INFORMATION PROVIDED:
········
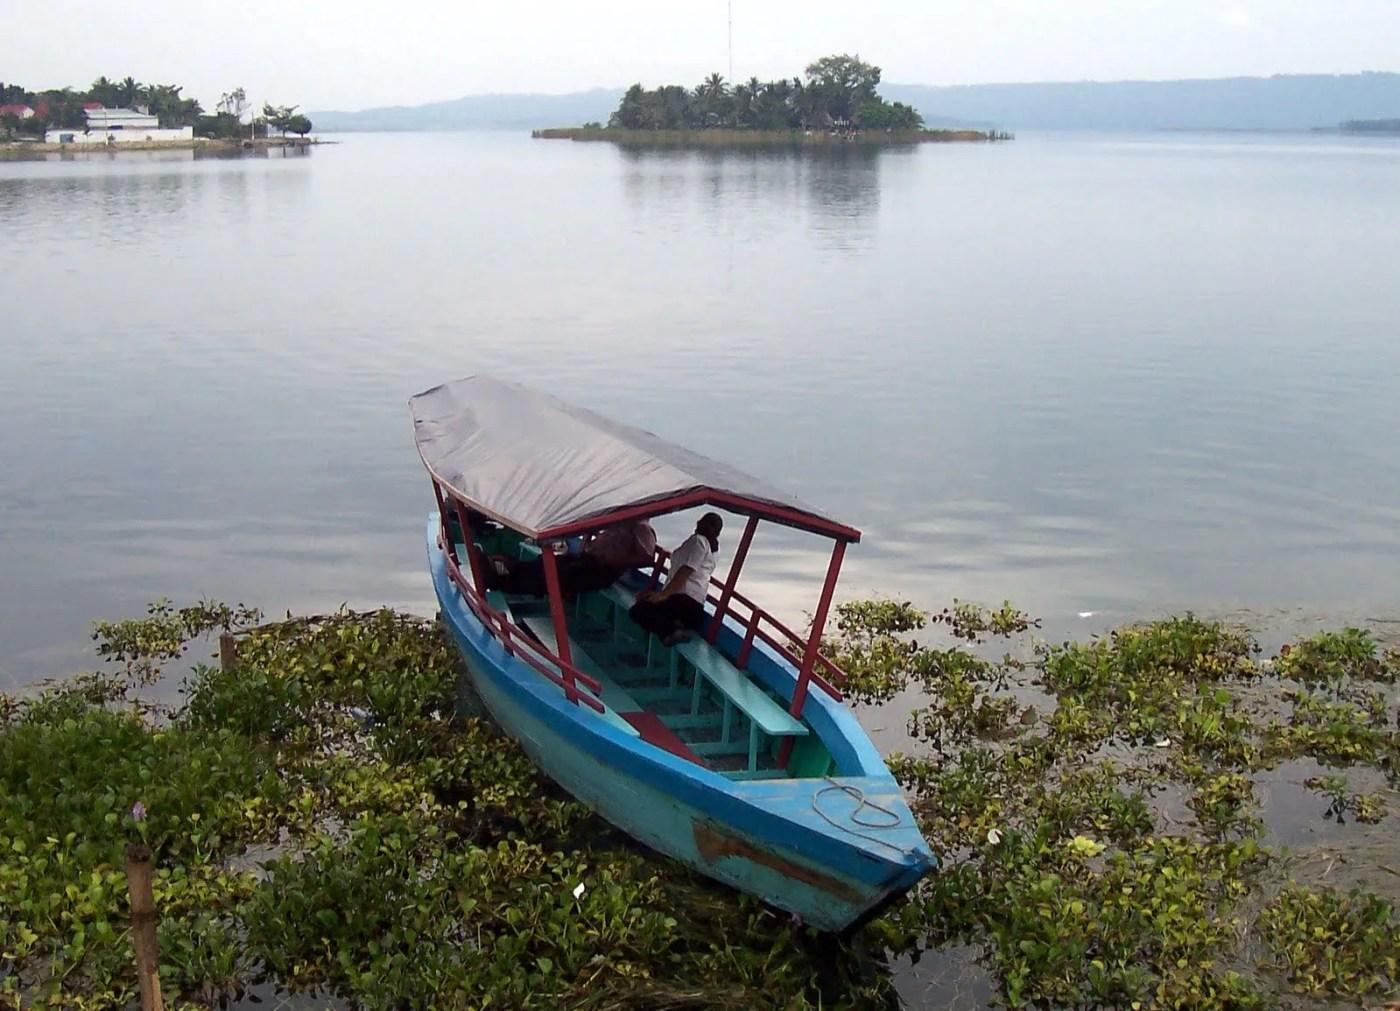 An image of a boat on Penten Itza Lake
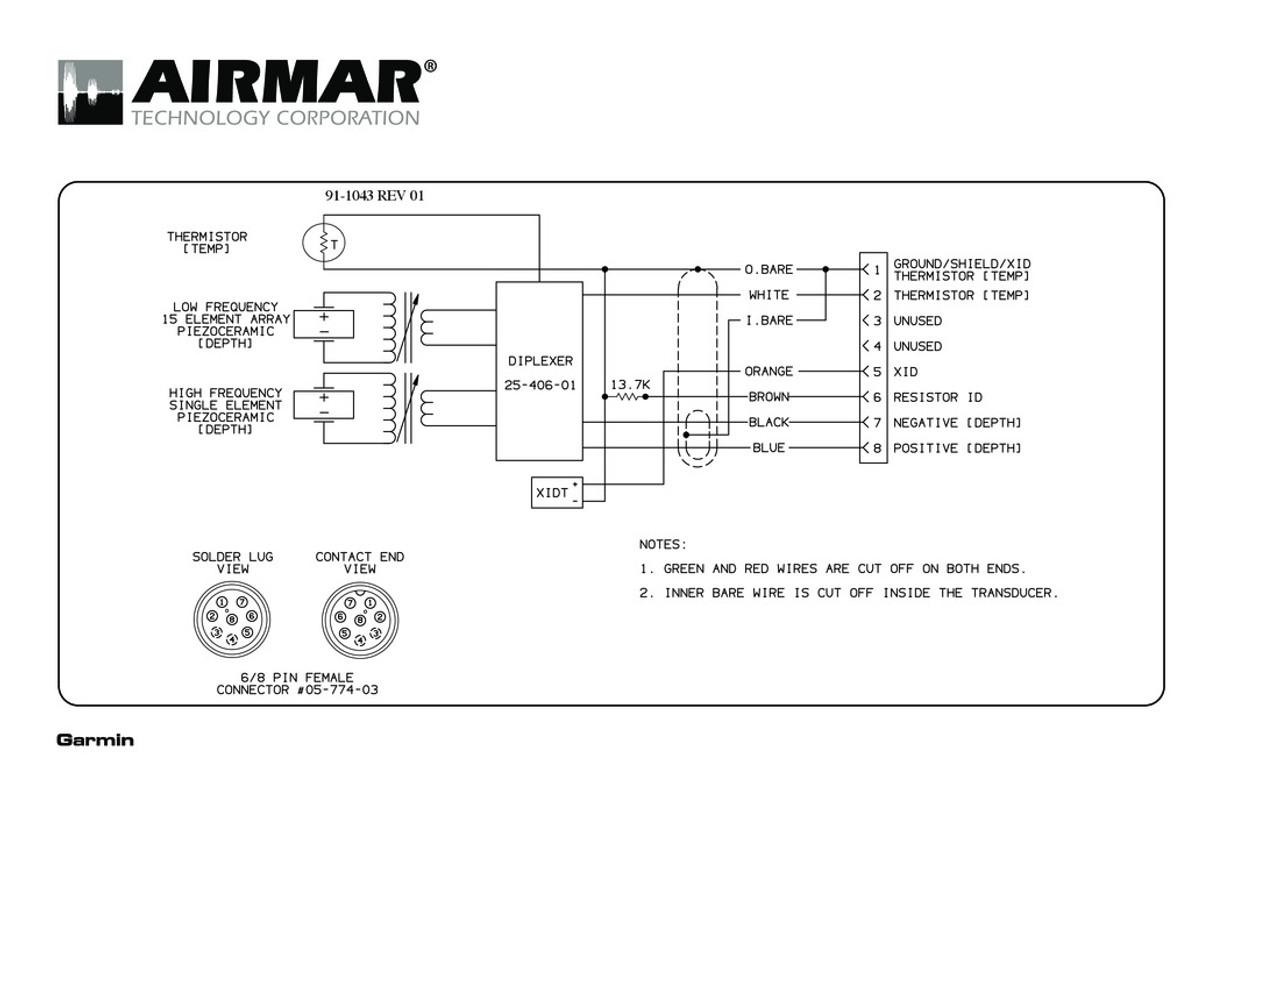 small resolution of airmar wiring diagram garmin r99 8 pin d t blue bottle marine garmin 8 pin wiring diagram
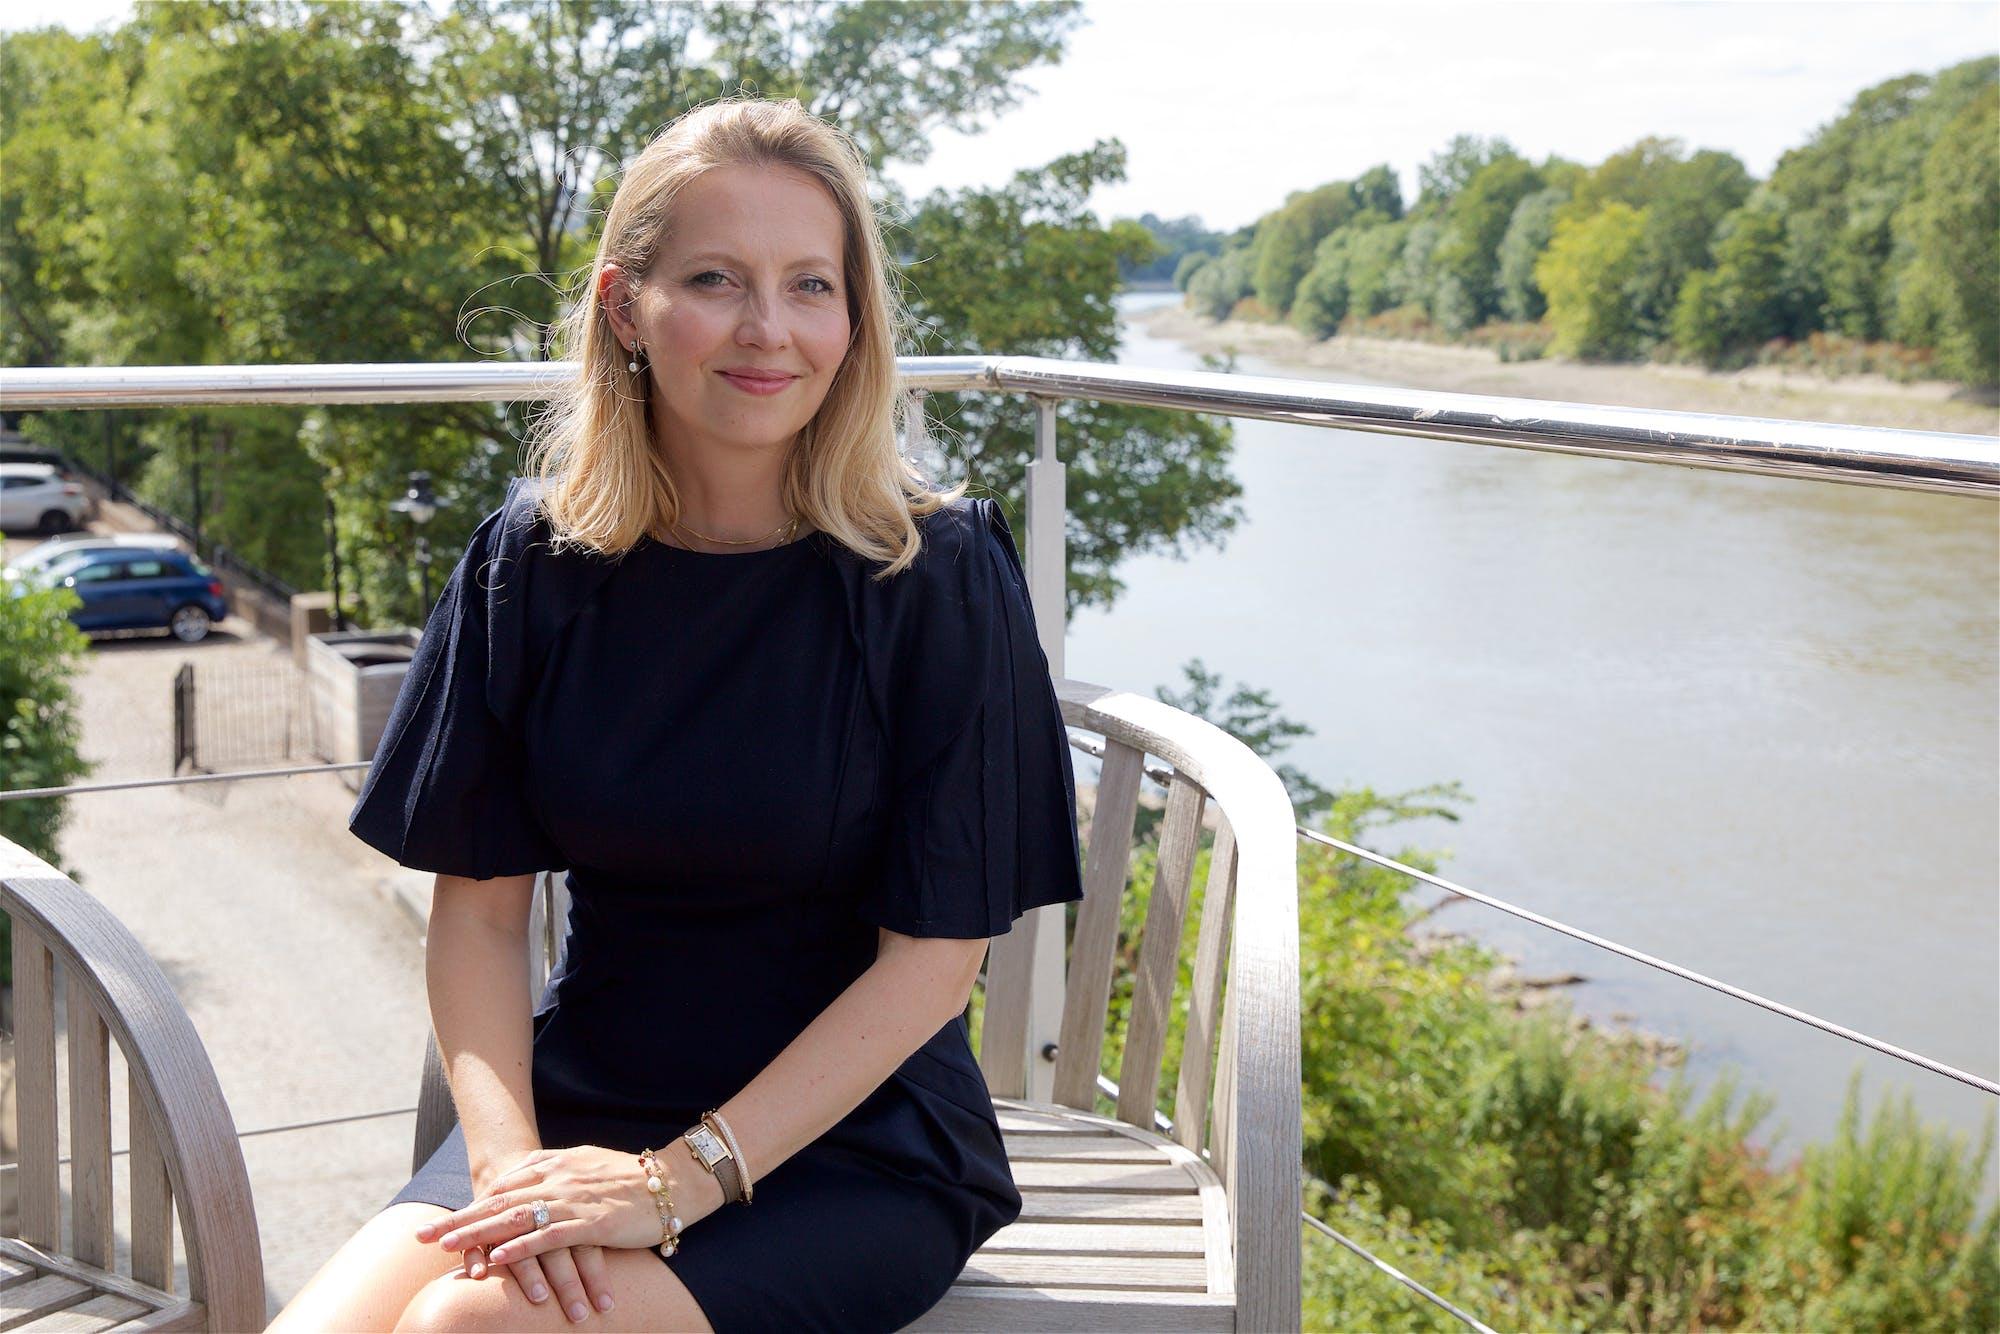 Navigating the Crisis  Aino-Leena Grapin on leading Winch Design through Covid-19
········
EXERCISE INSTRUCTIONS: Restate word for word only the lines that run from the line holding "small resolution of" to the end of the data, both ends kept, leaving every picture out.

SOLUTION TO THE EXERCISE:
 small resolution of airmar wiring diagram garmin r99 8 pin d t blue bottle marine garmin 8 pin wiring diagram
 Navigating the Crisis  Aino-Leena Grapin on leading Winch Design through Covid-19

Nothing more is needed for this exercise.